Work to be completed: Ignoring the pictures, copy the data exactly.

Data excerpt:
=== Section Start ===

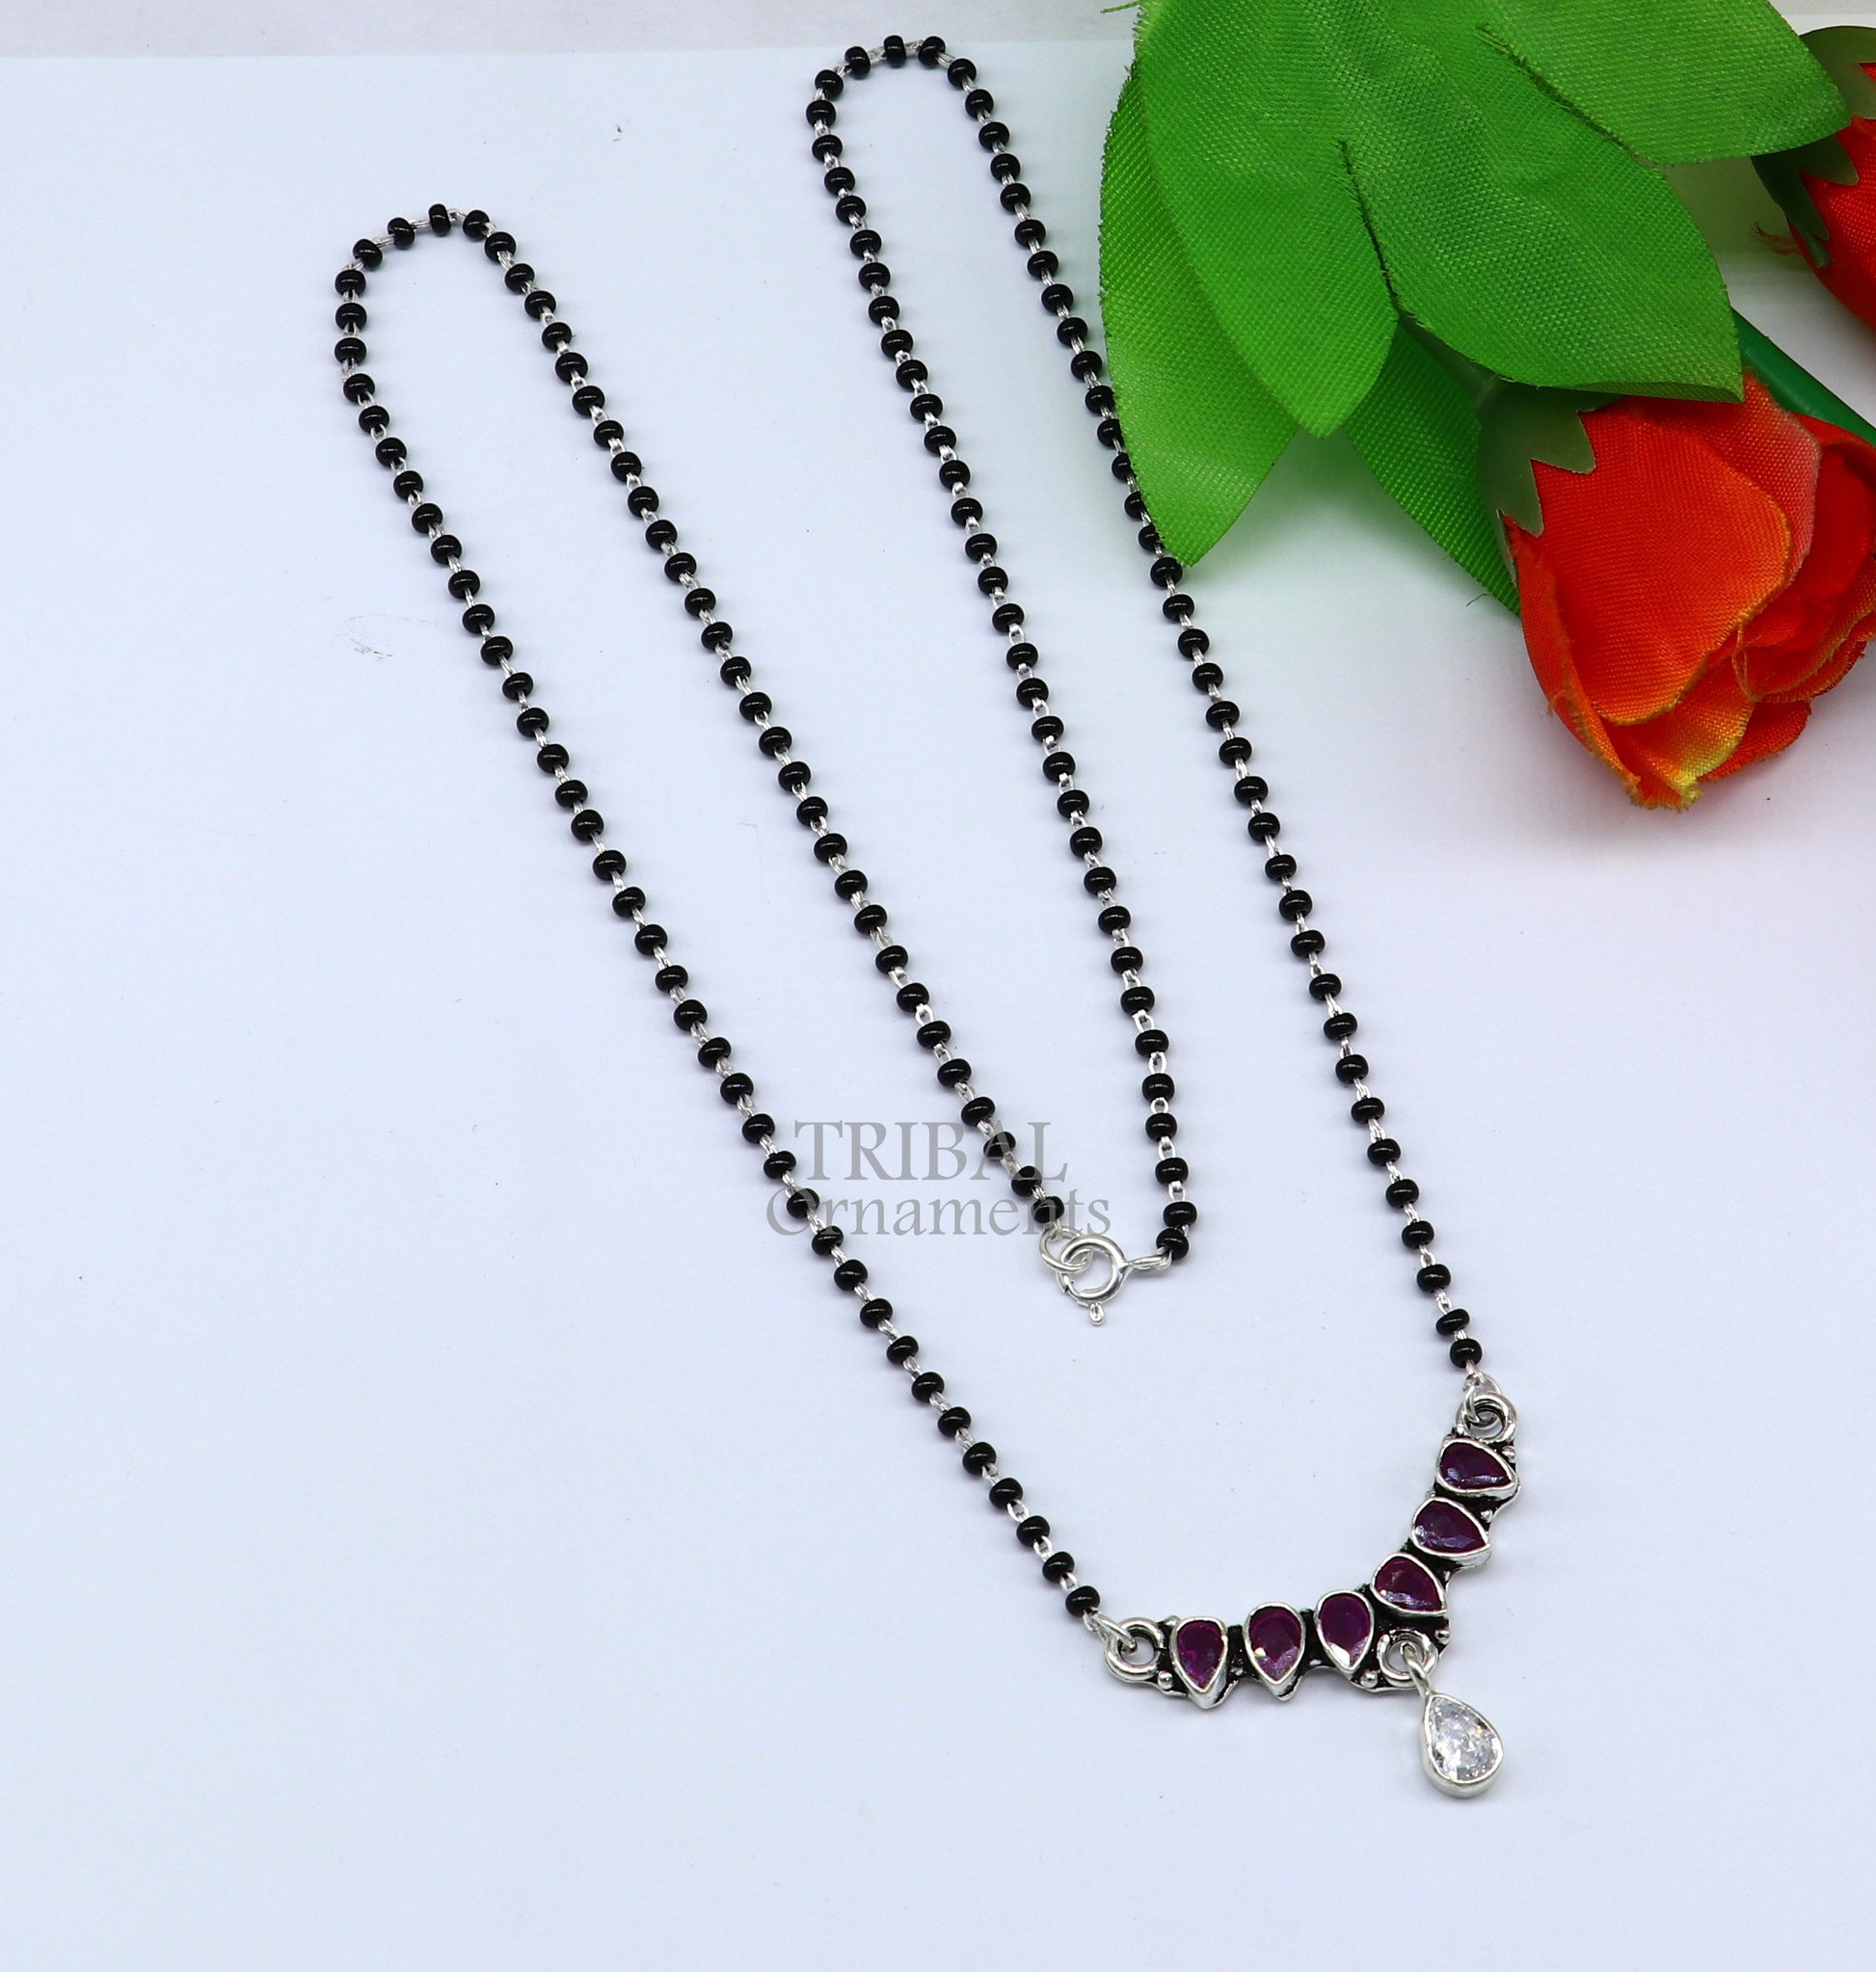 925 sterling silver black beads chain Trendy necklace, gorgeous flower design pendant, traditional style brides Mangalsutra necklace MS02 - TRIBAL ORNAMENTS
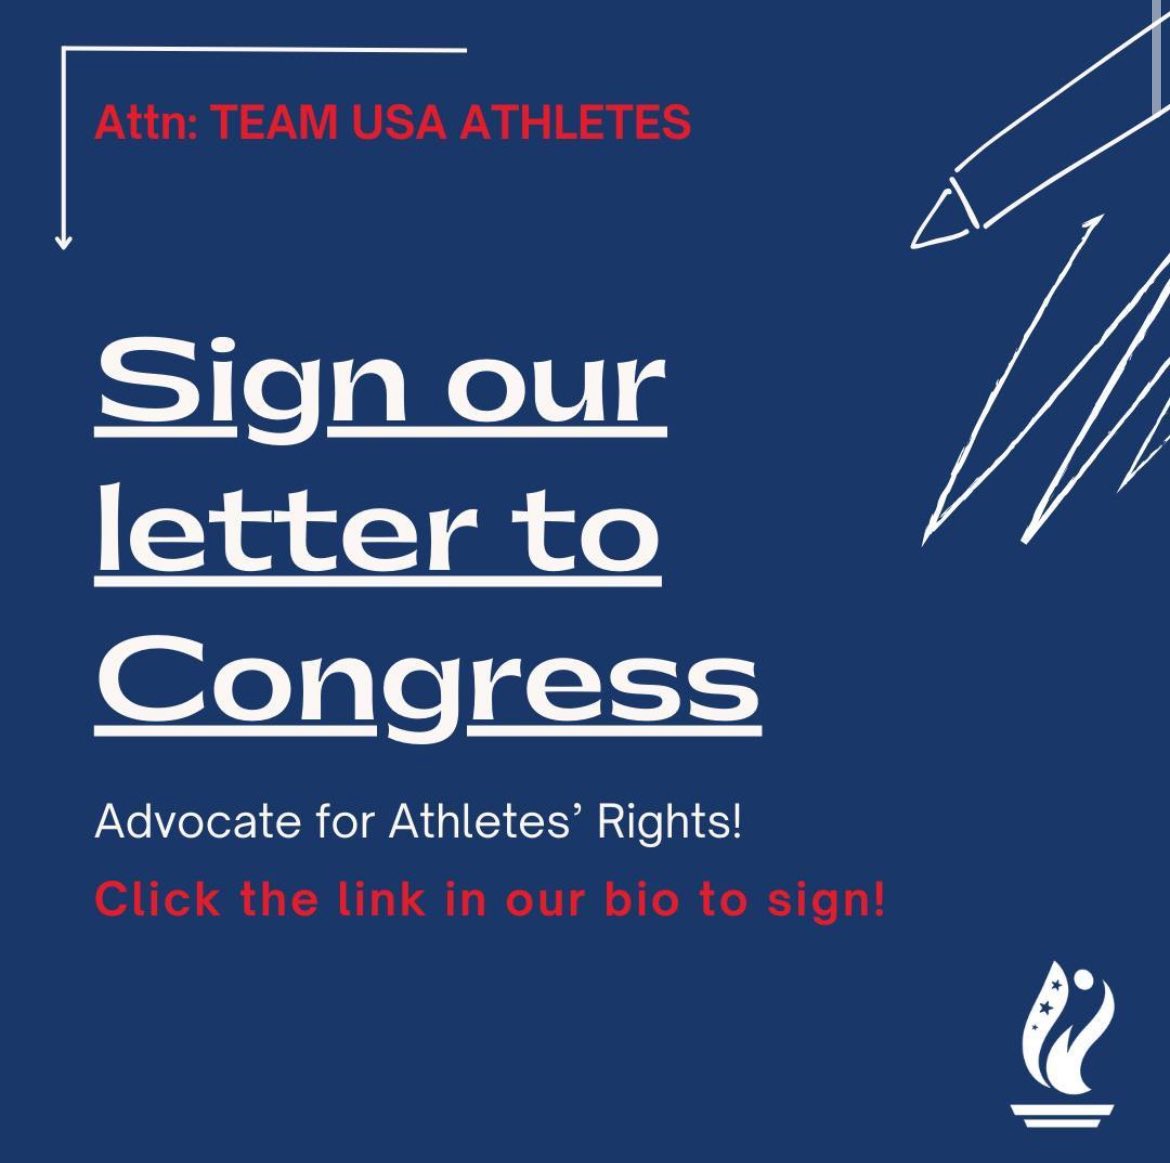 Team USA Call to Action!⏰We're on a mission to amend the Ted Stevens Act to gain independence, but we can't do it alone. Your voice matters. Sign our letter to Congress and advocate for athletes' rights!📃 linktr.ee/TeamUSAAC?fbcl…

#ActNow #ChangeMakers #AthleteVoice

=== Section End ===

Reply to the exercise:
 925 sterling silver black beads chain Trendy necklace, gorgeous flower design pendant, traditional style brides Mangalsutra necklace MS02 - TRIBAL ORNAMENTS
 Team USA Call to Action!⏰We're on a mission to amend the Ted Stevens Act to gain independence, but we can't do it alone. Your voice matters. Sign our letter to Congress and advocate for athletes' rights!📃 linktr.ee/TeamUSAAC?fbcl…

#ActNow #ChangeMakers #AthleteVoice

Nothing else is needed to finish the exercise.